Despite the fact that none of the IBOs uses the Maumee process to manufacture E 954, general information was provided for this manufacturing process by the IBOs. Two different starting materials may be used, i.e. phthalic anhydride or methyl anthranilate. Phthalic anhydride reacts with ammonia to form phthalimide, and by Hoffman degradation with bromine and sodium hydroxide, to form anthranilic acid. The acid reacts with methanol to form methyl anthranilate. Methyl anthranilate is diazotised to form o‐carbomethoxybenzenediazonium chloride, by adding sodium nitrite under acidic conditions. Sulfonation followed by oxidation yields o‐carbomethoxybenzenesulfonyl chloride. Amidation of this sulfonyl chloride, followed by acidification, forms insoluble acid saccharin. Subsequent addition of sodium hydroxide or calcium hydroxide produces the more soluble sodium or calcium salt, respectively (Documentation provided to EFSA n. 1, 7).

3.1.3. Potential impurities and analytical data provided

The potential impurities of saccharin and its sodium, potassium and calcium salts (E 954), reported in the EU regulation, are presented in Table 2, along with the analytical results provided by the IBOs.

TABLE 2.

Chemical structures of potential impurities in E 954.
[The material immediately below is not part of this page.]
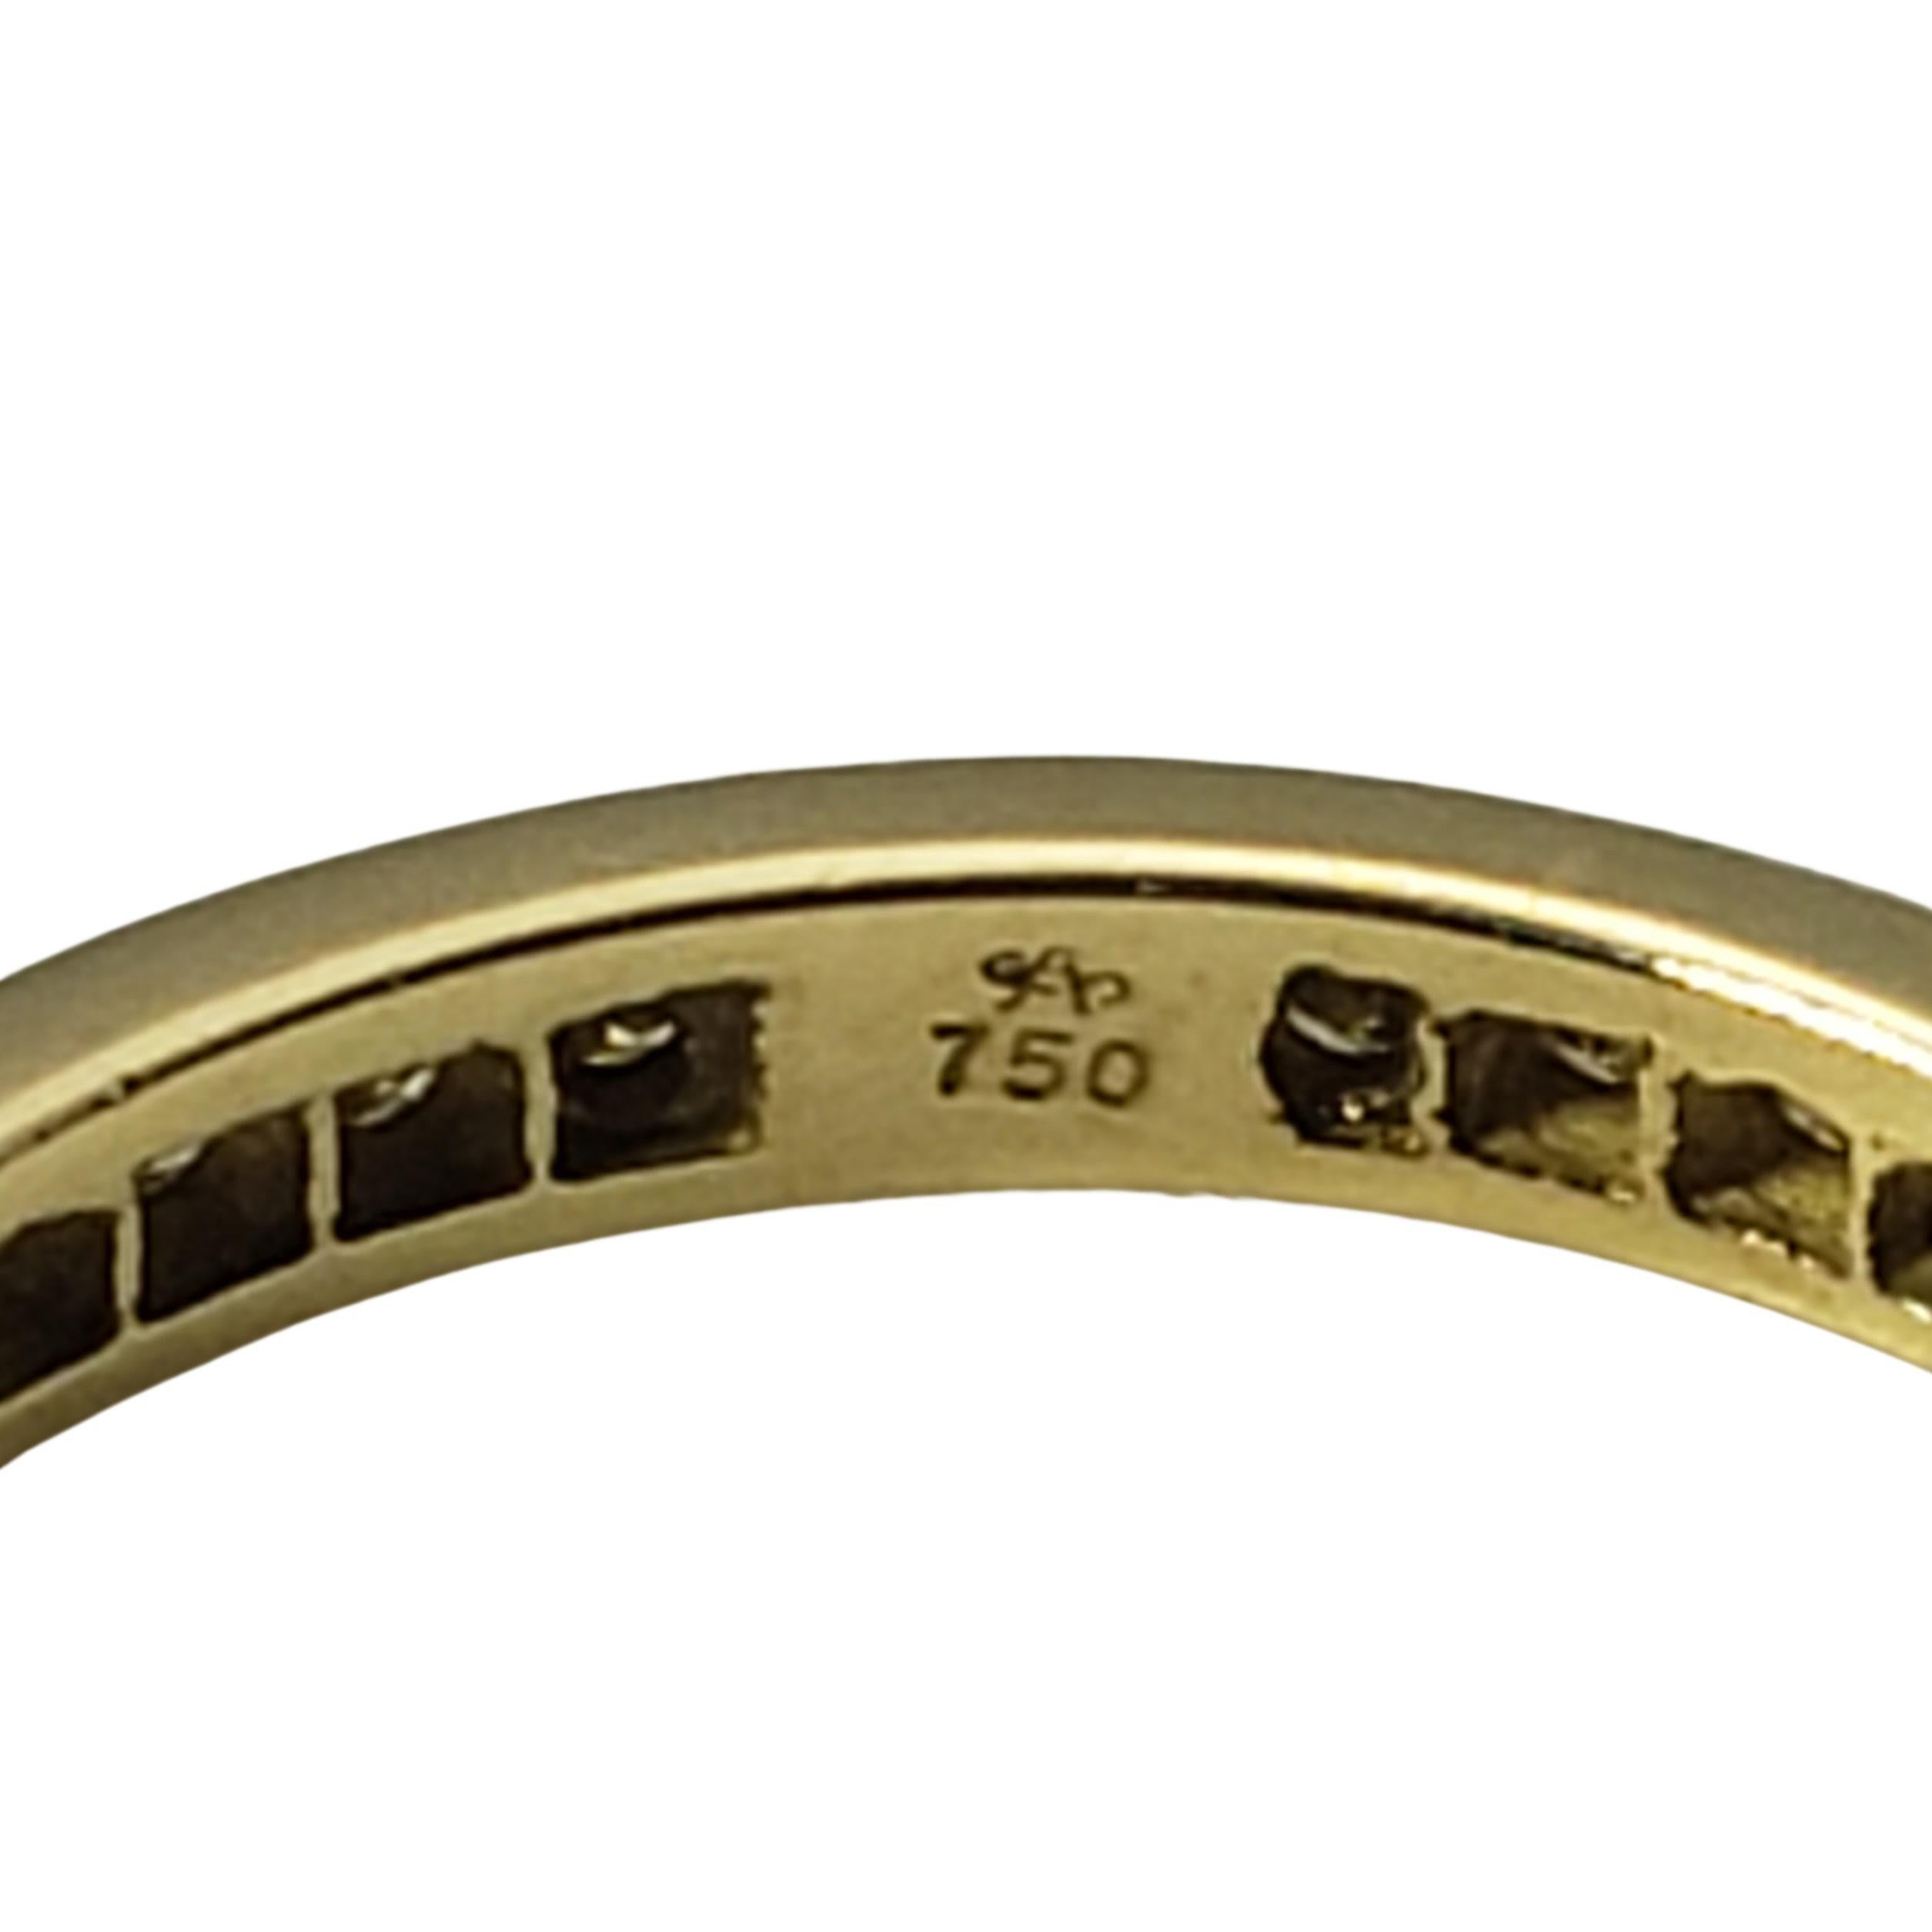 18 Karat Yellow Gold Yellow Diamond Eternity Band Ring Size 6.75 2

Chemical name	CAS no.	Structure	Analytical results provided by the IBOs
			Sodium saccharin (E 954 (ii))	Saccharin (E 954 (i))
o‐Toluenesulfonamide	88‐19‐7		1 batch: 6 mg/kg a 5 batches: < 0.3 (LOD) mg/kg in all b 5 batches: 2, 4, 5, 5, 5 mg/kg c	5 batches: 0.99, < 0.3 (LOD), < 0.3, 0.2, 2.83 mg/kg b 5 batches: < 0.1 (LOD) mg/kg in all c
p‐Toluenesulfonamide	70‐55‐3		1 batch: 5 mg/kg a 5 batches: < 0.3 (LOD) mg/kg in all b 5 batches: < 0.1 (LOD) mg/kg in all c	5 batches: 0.08, < 0.3 (LOD), < 0.3, < 0.3, < 0.3 mg/kg b 5 batches: < 0.1 (LOD) mg/kg in all c
Benzoic acid p‐sulfonamide	138‐41‐0		5 batches: < 25 (reporting limit) mg/kg in all c	5 batches: < 25 (reporting limit) mg/kg in all c
Benzoic acid	65‐85‐0		1 batch: No precipitate or violet colour appears a , d 5 batches: No precipitate or violet colour appears b , d 5 batches: No precipitate or violet colour appears c , d	5 batches: No precipitate or violet colour appears b , d 5 batches: No precipitate or violet colour appears c , d
Salicylic acid	69‐72‐7

^a Documentation provided to EFSA n. 3.

^b Documentation provided to EFSA n. 7.

^c Documentation provided to EFSA n. 8 and 9.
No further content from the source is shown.